La vinification en rouge
Les raisins destinés au vin rouge sont le plus souvent égrappés avant d'être mis en cuve. Cela réduit les risques d'amertume et les goûts d'herbes. La cuvaison dure 3 à 7 jours, pendant lesquels se déroule la fermentation alcoolique, qui transforme le sucre en alcool. Le jus ou " vin de goutte " est placé dans une autre cuve, le marc (résidus du raisin) est pressé pour donner le " vin de presse ", de moindre qualité, et remis en cuve. Puis une seconde fermentation, dite " malolactique ", permet de réduire l'acidité du vin et d'éviter qu'il ne fermente en bouteille. Le vin soutiré est ensuite élevé quelques mois en cuves de ciments. Certains vignerons gardent leur vin, principalement la Mondeuse, en tonneau. Commercialisation La filière vinicole « vins de Savoie » comprend 4 coopératives, 10 négociants et près de 1000 producteurs. Parmi ces producteurs, les 2/3 vinifient sur leur exploitation et doivent donc assurer la commercialisation de leur vin, soit directement, soit par l’intermédiaire du négoce.

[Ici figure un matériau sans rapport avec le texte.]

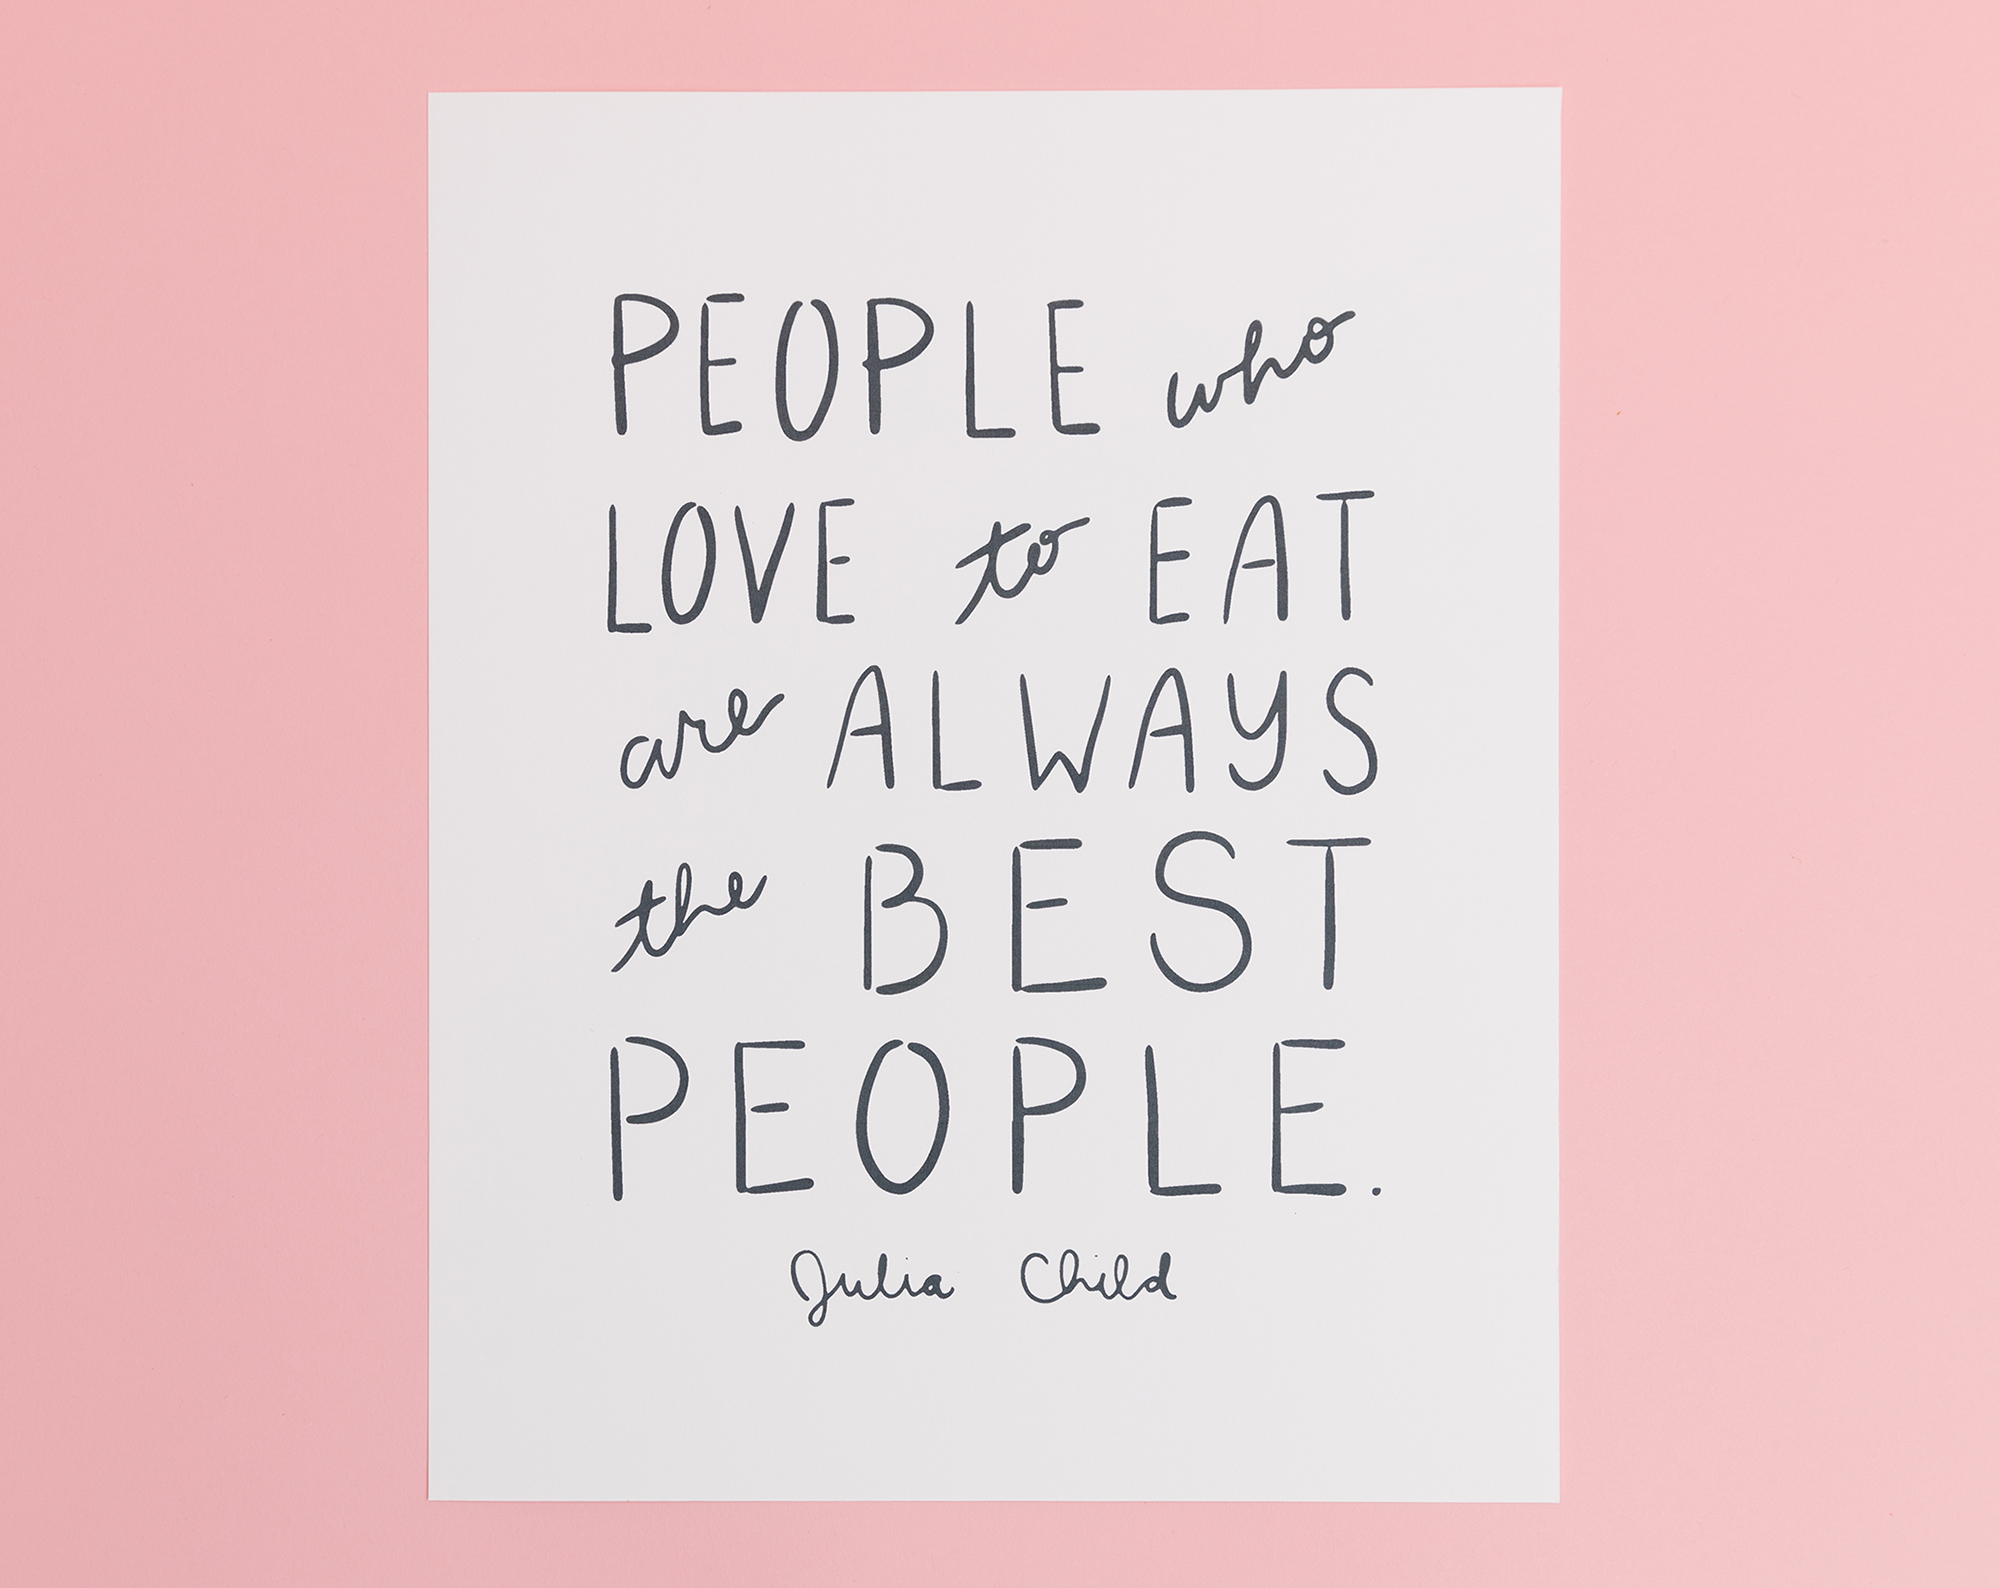 Julia Child quote art print, 8x10

Commercialisation des vins à partir de l’exploitation
Le négoce achète près de la moitié des vins en Savoie et Isère. Ces achats se font généralement en vrac, sauf en Haute-Savoie où la vente en bouteille concerne 90% des quantités. La vente directe à la propriété est pratiquée par 7 exploitations sur 10. Elle se fait totalement en bouteille en Haute-Savoie et pour 80% des volumes en Savoie et dans l’Ain. Durant la dernière décennie, on observe en Savoie un accroissement des quantités vendues directement (+12%), au détriment des ventes en vrac, surtout à la propriété, qui tendent à disparaître. Cette orientation permet aux viticulteurs de récupérer la plus value attachée au produit fini, satisfait son goût au contact et procure la faculté de vendre un produit authentique.

La « Savoyarde » Il s’agit d’une nouvelle bouteille créée en partenariat par le Syndicat Régional des Vins de Savoie, Saint Gobain et BSN, et mise en service par les AOC en 1991. Ce flacon, compromis original entre la « véronique » et la « bourguignonne », est marquée de la Croix de Savoie à l’épaule. L’habillage de la bouteille reste inchangé. Il doit règlementairement comporter le nom de l’AOC, le cru éventuel, le titre alcoométrique, le volume net, le nom ou la raison sociale et la commune de localisation de l’embouteilleur. La capsule sertie coiffant le bouchage porte au sommet le timbre fiscal intégré (congé), de couleur verte pour les AOC.